Diketahui, Laporan LPPDK dari masing-masing Paslon harus diserahan paling lambat tanggal 12 Februari 2017, pukul 18.00 WIB.
“Jika sampai paslon terlambat menyerahkan laporan maka konsekuensi terberatnya adalah dibatalkan dari pencalonan oleh KPU,”ujar Komisioner KPU Batu, Saifuddin Zuhri, Kamis (2/2).
Ia menjelaskan pembatalan Paslon tersebut tertuang dalam PKPU nomor 8 Tahun 2015 dan PKPU nomor 13 Tahun 2016. Dalam PKPU tersebut juga dijelaskan bahwa Paslon dibatasi untuk menerima sumbangan dari Parpol dan perusahaan (badan hukum). Sumbangan dibatasi Rp750 juta, serta Rp50 juta untuk sumbangan perseorangan. Dan sesuai kesepakatan, anggaran dana kampanye dibatasi sekitar Rp14,7 miliar per Paslon.

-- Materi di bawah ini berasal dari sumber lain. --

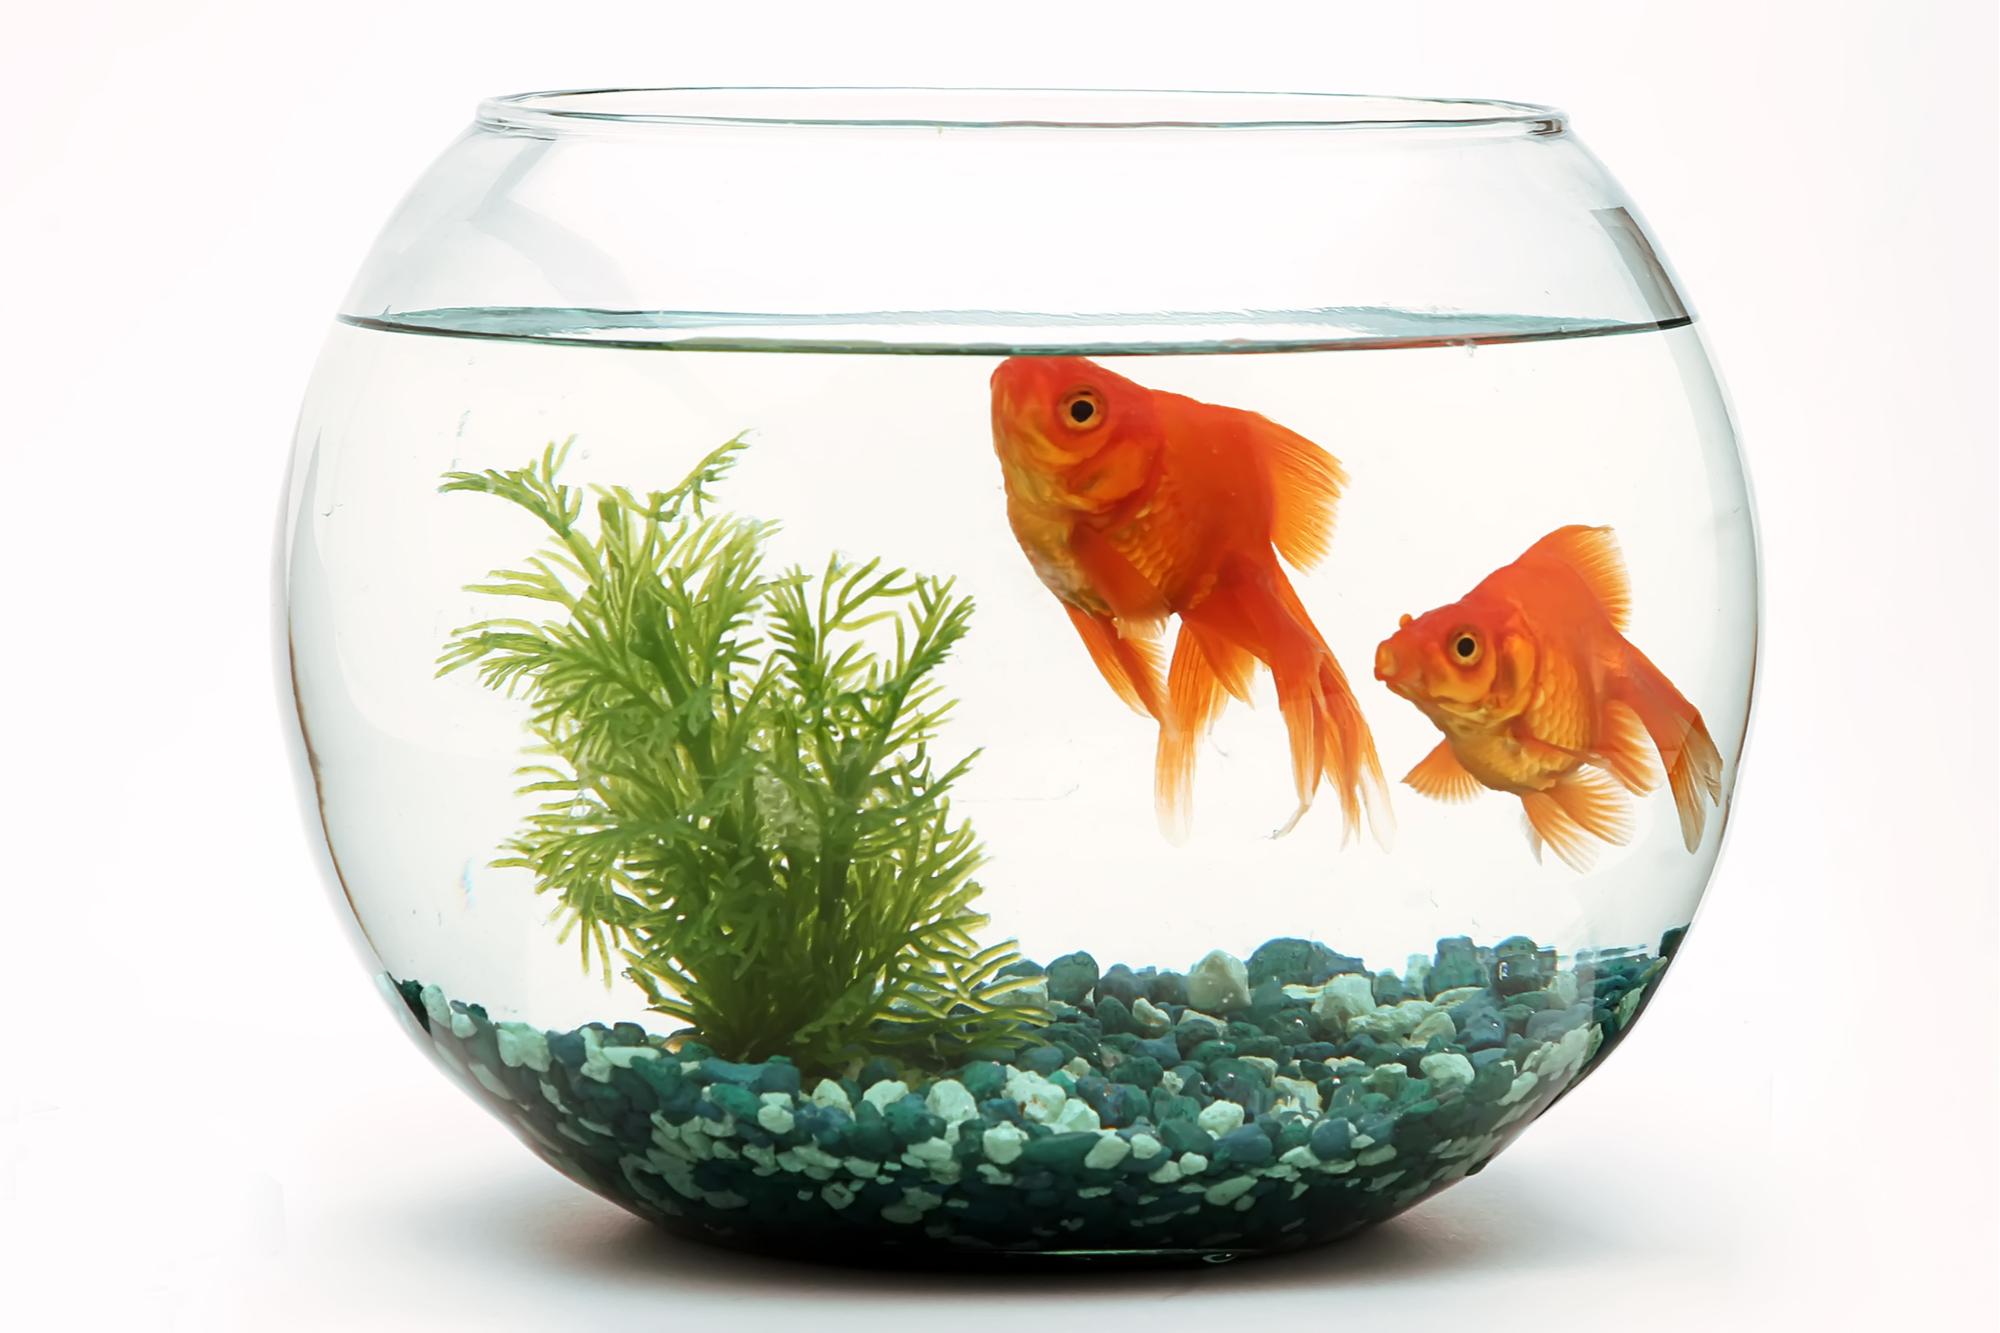 حوض بداخله سمك ذهبي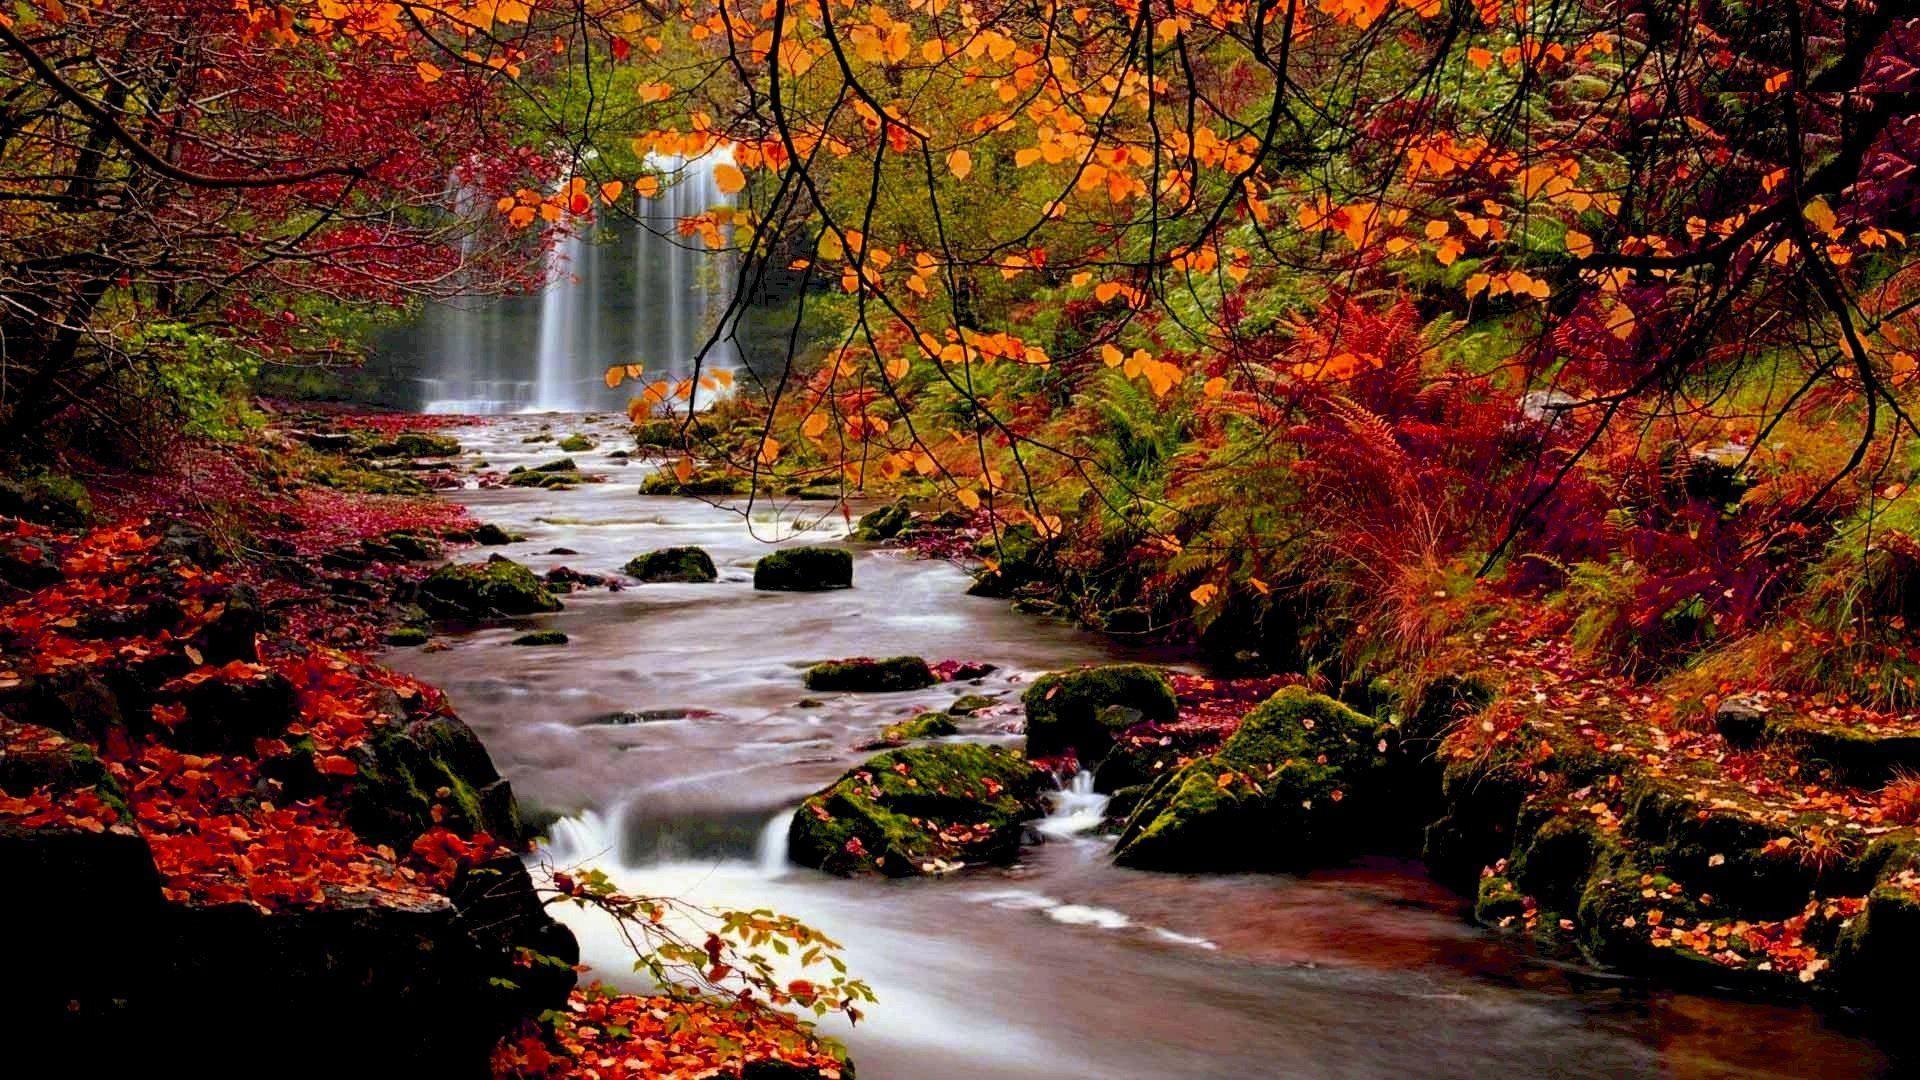 autumn wallpaper 007 free - photo #37

Kemudian di PKPU nomor 13 Tahun 2016, bagi yang terlambat menyerahkan LPPDK ke KPU akan dikenakan sanksi pembatalan.
“Jadi ada dua aturan dalam PKPU yang bisa membatalkan pencalonan. Kami tidak perlu memberi peringatan lebih dulu, karena kami sudah jauh-jauh hari sosialisasi dan menyampaikan ke Paslon,” jelas Saifudin.
Ditambahkan oleh akuntan publik, Luthfi Mohammad yang menjadi narasumber dalam sosialisasi LPPDK, sebelum melakukan penyerahan laporan paslon harus betul-betul cermat. Karena yang dilaporkan dalam LPPDK ini mencakup isi dari laporan dana kampanye mulai awal. Jadi, apa yang pernah dilaporkan pada saat penyerahan laporan dana awal kampanye setelah penetapan dulu, dilanjutkan dengan penyerahan Laporan Penerimaan Sumbangan Dana Kampanye (LPSDK). Adapun LPSDK sudah diserahkan pada 20 Desember 2016 lalu.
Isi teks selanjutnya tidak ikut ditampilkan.